National road pricing schemes to get £10m

Transport secretary announces plans for GPS-based system

The government is to spend £10m investigating potential schemes for GPS-based national road pricing, new Transport Secretary Douglas Alexander announced last week.

Developing the system is a ‘personal priority’, the minister said in his first speech since taking over from Alistair Darling following the Cabinet reshuffle.

Speaking in York at the launch of bus company First’s Futurebus service, which uses satellite technology to provide real-time information at bus stops, Alexander said his aim is ‘to advance the debate about a national system of road pricing in this country, moving the debate from “why” to “how” we might make a national system work in practice’.

Growing prosperity is causing more travel and worsening congestion in major towns and cities and parts of the road network, he says.

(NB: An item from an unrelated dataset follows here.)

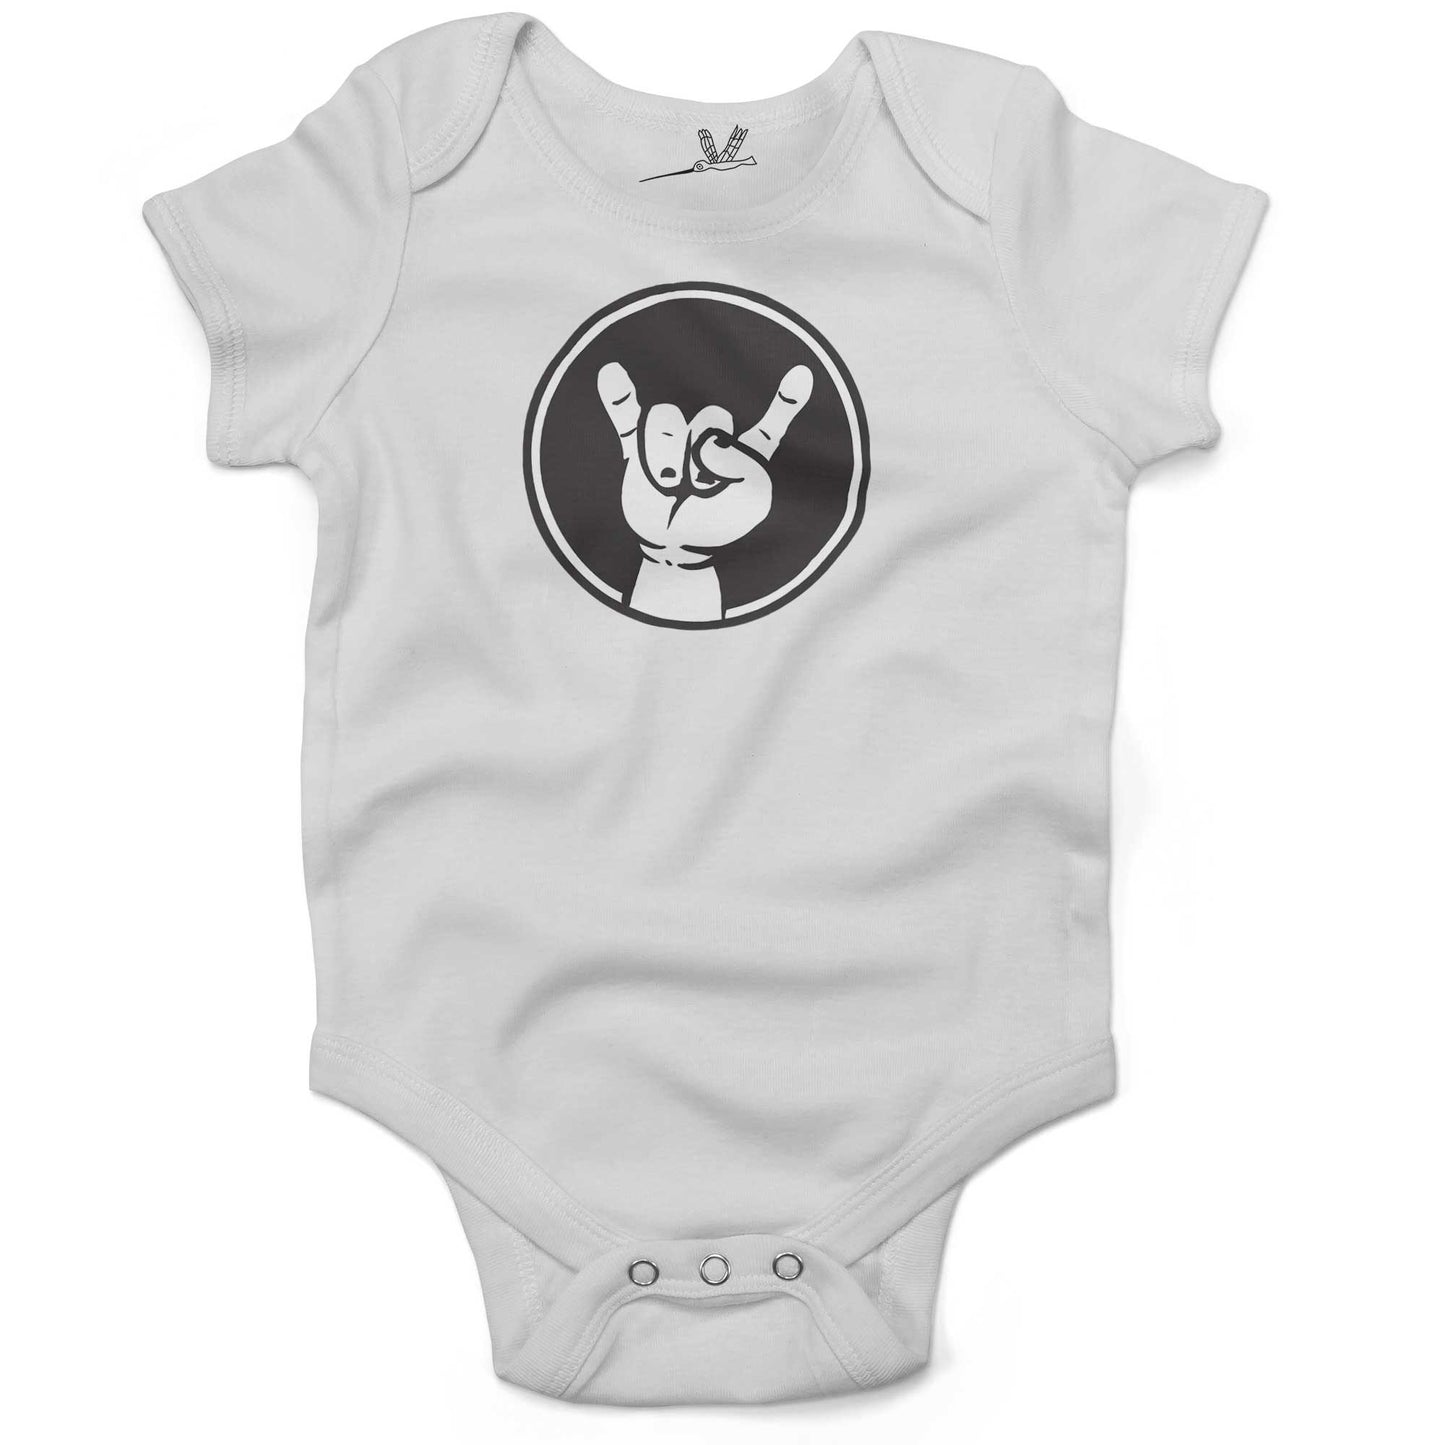 Rock Hand Symbol Infant Bodysuit or Raglan Tee-White-3-6 months

Road improvements and sustained investment in public transport will help, but a more radical approach is needed.

‘We need to explore the scope for developing a national system of road pricing,’ said Alexander.

This requires ‘a good look at technology to see how emerging technology could be used for road pricing,’ he said. Potential areas of interest include traffic and navigation services.

Potential suppliers will soon be invited to participate in a series of demonstration projects over the next three to four years to tackle difficult design issues.

Plans for a £200m Transport Innovation Fund to support local authority schemes will continue, to produce a major road pricing pilot within four years.

But Conservative transport spokesman Chris Grayling says it will be a decade before any system can be introduced.